Hulu’s Catch-22 miniseries features a range of DNEG-made visual effects sequences, many for aerial bombing runs that include CG planes, environments, explosions, flak, smoke, fire, and digital clouds.

I wanted to find out how DNEG’s team, which was overseen by VFX supes Brian Connor and Dan Charbit and VFX producer Alun Cummins, tackled just one of 717 shots across 6 episodes and 105 sequences. That shot is 127_1090, a tail gunner shot which is typical of the kind of aerial shots DNEG delivered, in that it involved an entire B25 fleet which were all CG, wispy clouds, FX, flak, engine fire and a digital environment based on aerial photography.

So, follow along as the DNEG team break the shot into layout – animation – effects – lighting – compositing. This article includes other shots DNEG worked on as well, just so you can see the breadth of work involved.

Shot 127_1090 – plate photography.
Shot 127_1090 – matte painted environment.
Shot 127_1090 – final comp.

LAYOUT – animation – effects – lighting – compositing

Rick Curts (CG Layout Supervisor): For this shot the foreground bomber was in plate, so in Maya we would bring in the camera track and object tracks of the bomber.
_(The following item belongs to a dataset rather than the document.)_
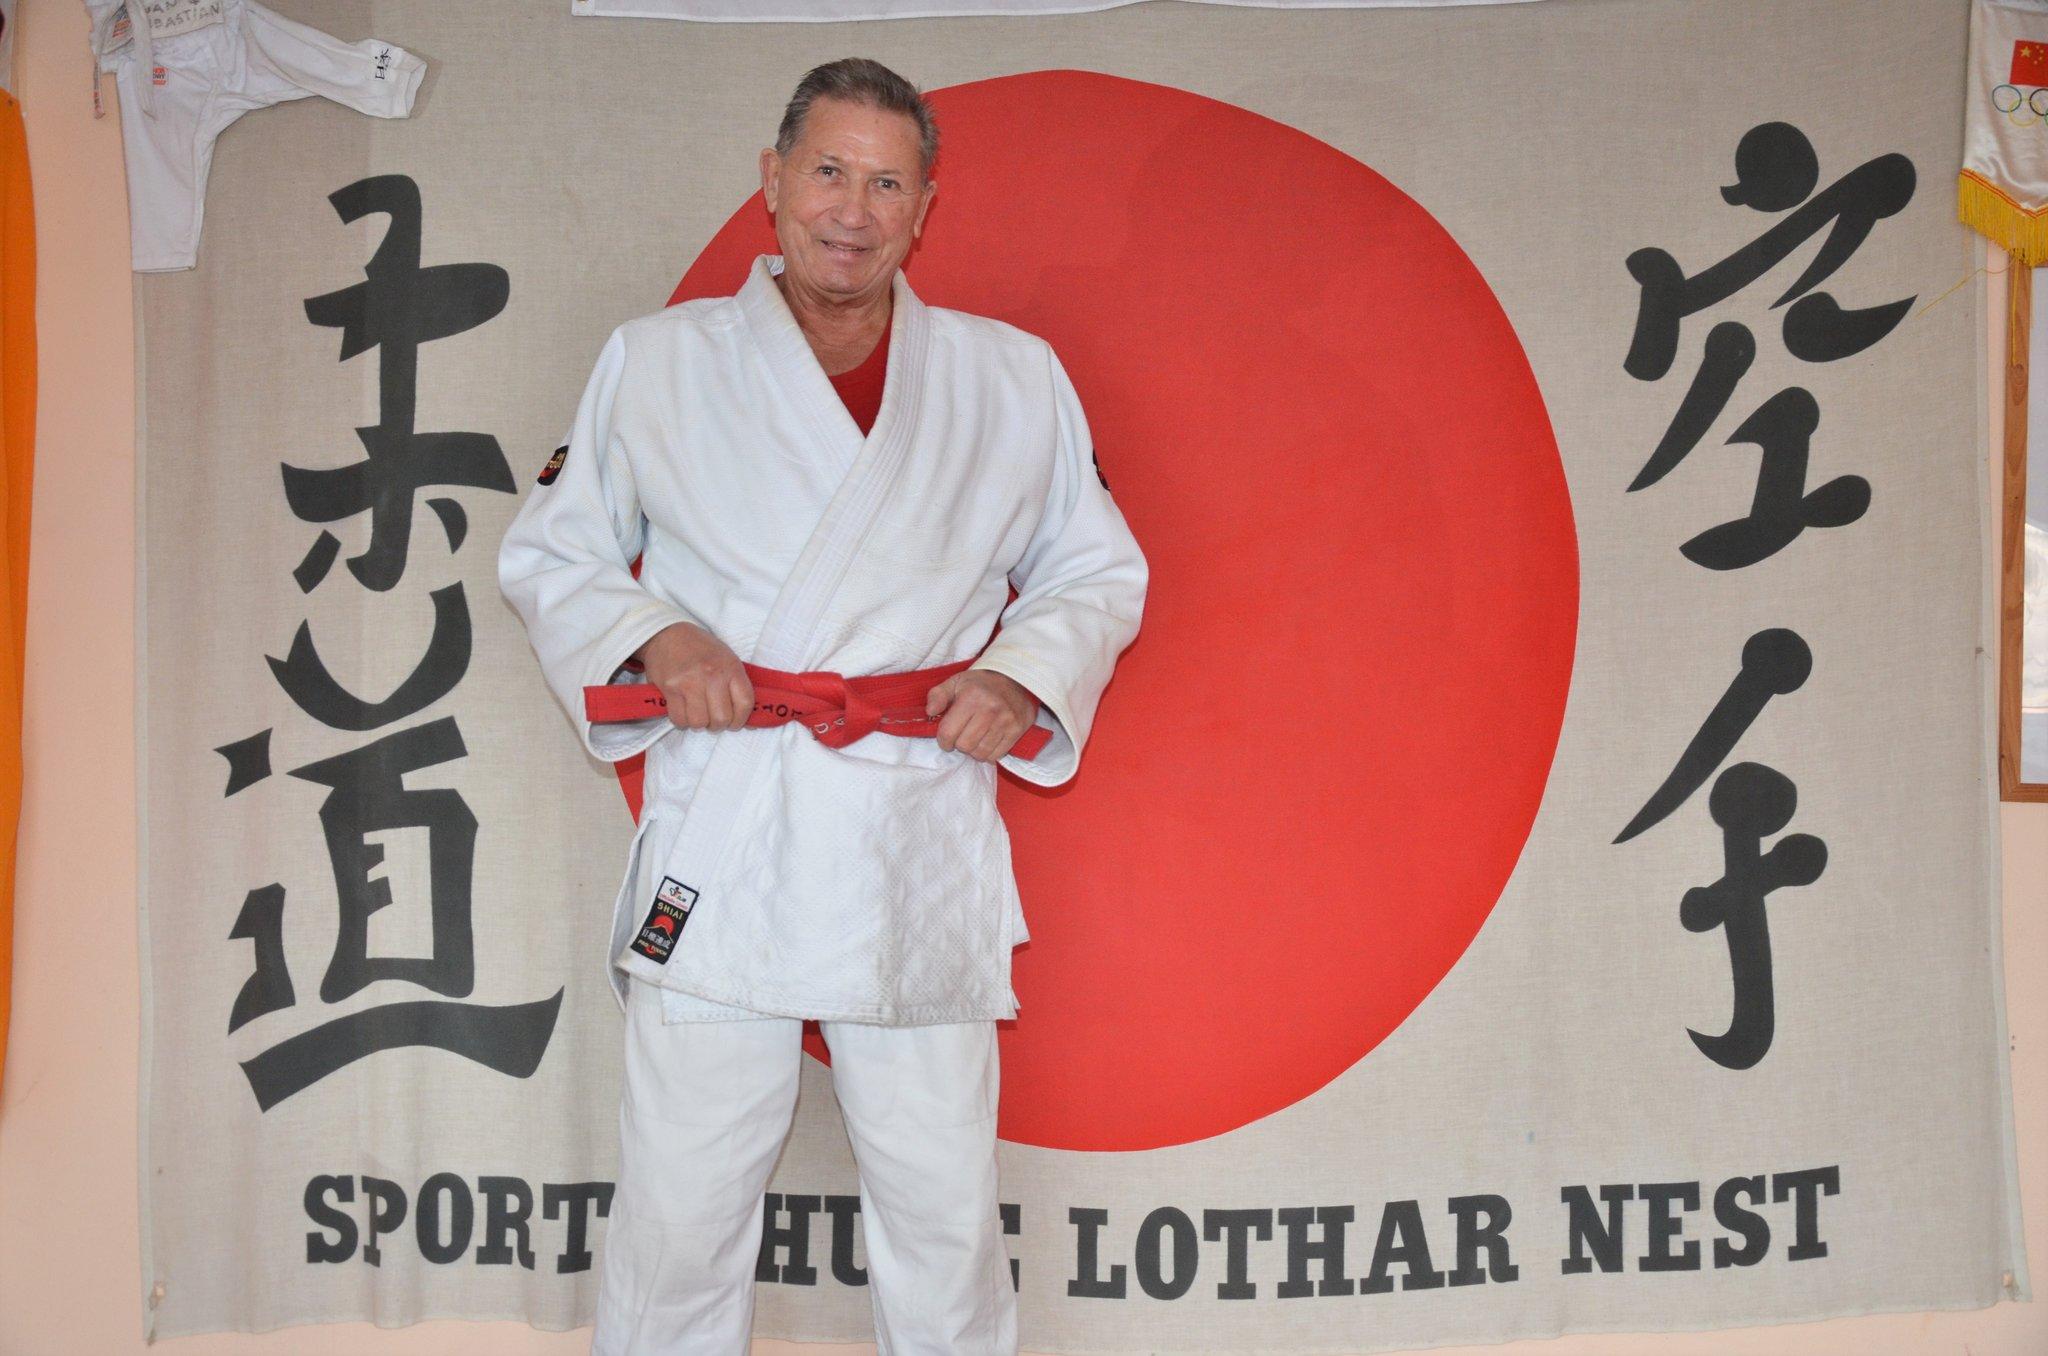 Kampfsportveteran Lothar Nest Mit Dem 10 Dan Geehrt Mariendorf

Then we would gather in the remaining front squadron, background squadrons, and cloud of flack. We would then create a blocking anim pass of the bombers flying through the flak. Making sure we place squadrons, so that they are easily readable but also showing the vast number of the whole fleet.  At this point it would go for review and the 1st round of notes.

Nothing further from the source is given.